Background: Non-small cell lung cancer (NSCLC) harboring activating mutations in the gene encoding epidermal growth factor receptor (EGFR) is amenable for targeted therapy with tyrosine kinase inhibitors (TKIs). Eventually, resistance to TKI-therapy occurs resulting in disease progression. A substantial fraction of resistance mechanisms is unknown and may involve alterations in the RNA or protein landscape. MicroRNAs (miRNAs) have been frequently suggested to play roles in various forms of cancer including NSCLC. However, a role of miRNAs in acquired resistance to EGFR TKIs remains elusive. In this work, we aimed to investigate the potential involvement of miRNAs in acquired resistance to the third-generation EGFR TKI osimertinib in NSCLC. Methods: We combined miRNA expression profiling with miRNA-inhibitory screening to identify miRNAs involved in conferring resistance to osimertinib. Finally, we validated our top miRNA candidate by profiling longitudinal plasma exosomal RNA from patients receiving osimertinib as second-line therapy in a clinical trial.

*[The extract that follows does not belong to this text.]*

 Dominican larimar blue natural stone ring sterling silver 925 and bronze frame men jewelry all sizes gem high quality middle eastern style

Results: Various miRNAs displayed differential expression in parental versus osimertinib-refractory NSCLC cells. miRNA-inhibitory screening revealed miR-494-3p to partially confer resistance to osimertinib in vitro. Expression of miR-494-3p was significantly elevated in plasma sampled at disease progression compared to plasma sampled at treatment baseline in a cohort of 21 EGFR T790M-mutation positive NSCLC patients receiving osimertinib. Conclusions: Our results highlight the need for further therapeutic exploration of miR-494-3p in in vivo models of EGFR-mutant NSCLC.

19.
Cell Death Discov ; 8(1): 284, 2022 Jun 11.

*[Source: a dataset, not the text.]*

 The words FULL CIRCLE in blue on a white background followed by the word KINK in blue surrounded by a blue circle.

Artigo em Inglês | MEDLINE | ID: mdl-35690610

RESUMO

The antibody conjugate gemtuzumab ozogamicin (GO; Mylotarg®) provides targeted therapy of acute myeloid leukemia (AML), with recent approvals for patients with CD33-positive disease at diagnosis or relapse, as monotherapy or combined with chemotherapeutics. While its clinical efficacy is well documented, the molecular routes by which GO induces AML cell death warrant further analyses. We have earlier reported that this process is initiated via mitochondria-mediated caspase activation. Here we provide additional data, focusing on the involvement of caspase-2 in this mechanism. We show that this enzyme plays an important role in triggering apoptotic death of human AML cells after exposure to GO or its active moiety calicheamicin. Accordingly, the caspase-2 inhibitor z-VDVAD-fmk reduced GO-induced caspase-3 activation. This finding was validated with shRNA and siRNA targeting caspase-2, resulting in reduced caspase-3 activation and cleavage of poly [ADP-ribose] polymerase 1 (PARP-1). We previously demonstrated that GO-induced apoptosis included a conformational change of Bax into a pro-apoptotic state. Present data reveal that GO-treatment also induced Bid cleavage, which was partially reduced by caspase-2 specific inhibition while the effect on GO-induced Bax conformational change remained unaltered. In mononuclear cells isolated from AML patients that responded to GO treatment in vitro, processing of caspase-2 was evident, whereas in cells from an AML patient refractory to treatment no such processing was seen. When assessing diagnostic samples from 22 AML patients, who all entered complete remission (CR) following anthracycline-based induction therapy, and comparing patients with long versus those with short CR duration no significant differences in baseline caspase-2 or caspase-3 full-length protein expression levels were found. In summary, we demonstrate that GO triggers caspase-2 cleavage in human AML cells and that the subsequent apoptosis of these cells in part relies on caspase-2. These findings may have future clinical implications.